BCR/ABL- and MAPK-dependent phosphorylation of HNRPK regulates Myc mRNA translation in BCR/ABL-transformed myeloid cells. (A) Western blots show Myc levels in parental 32Dcl3 cells (lane 1), untreated 32D-BCR/ABL cells (lane 6); or cells treated with imatinib (lane 7) or with the MEK1 inhibitor PD098059 (lane 8); or cells transduced with the empty retrovirus (lane 2) or with wild-type and mutant HNRPK (lanes 3-5) or with MAPK ERK1 (lanes 9-10) and ERK2 (lanes 11-12) cDNAs.
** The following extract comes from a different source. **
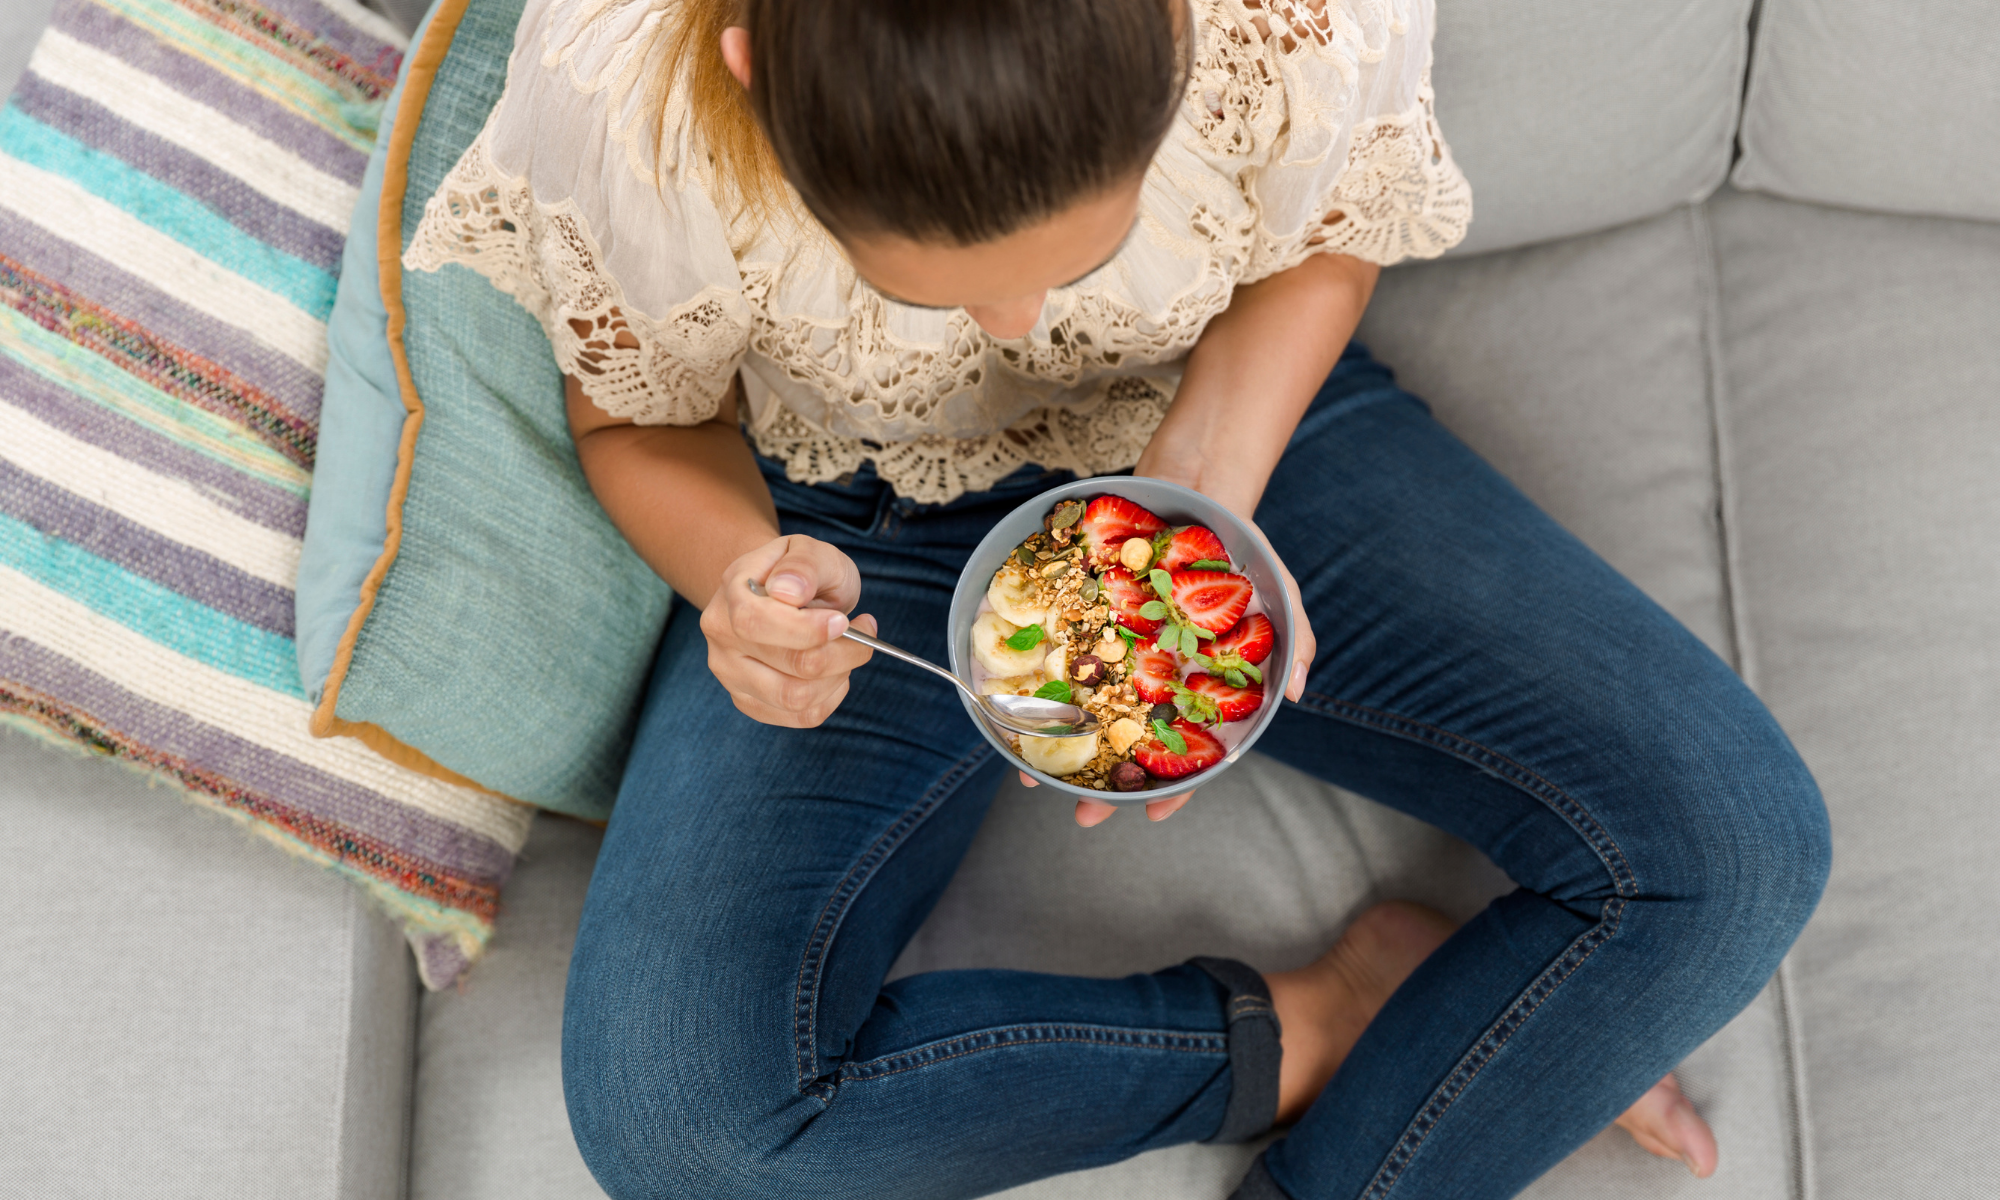 Woman on couch eating a bowl of various fruits and nuts

All cell lines were cultured in the presence of IL-3. (B) Northern blots show Myc mRNA levels in the indicated cell lines either maintained in IL-3 or IL-3 deprived for 12 hours in the presence or absence of imatinib. (C) Autoradiography and anti-MYC Western blot show levels of ³⁵S-labeled newly synthesized and total immunoprecipitated Myc protein in parental 32Dcl3, untreated, and imatinib-treated 32D-BCR/ABL and S284/353A expressing 32D-BCR/ABL cells. (D) Levels of Myc protein, expressed as arbitrary densitometric units after normalization with GRB2 levels, in cycloheximide-treated parental 32Dcl3, 32D-BCR/ABL, and its derivative cell lines expressing wild-type or mutant HNRPK proteins. Half-life was calculated using the algorithm t½ = 0.693t_n/ln(C₀/C_n), where n represents the last time point. (E) Histograms show levels of MYC mRNA (red bars) and protein (blue bars) after normalization with GAPDH mRNA and GRB2 protein levels, respectively. Values in samples 2 to 7 represent arbitrary densitometric units expressed as percentage of those of sample 1. Western blot and RT-PCR were performed with lysate and total RNA, respectively, of CD34⁺marrow cells from healthy individuals (lanes 1-2) and from CML-CP (lanes 3-4), CML-AP (lane 5), and CML-BC (lanes 6-7) patients.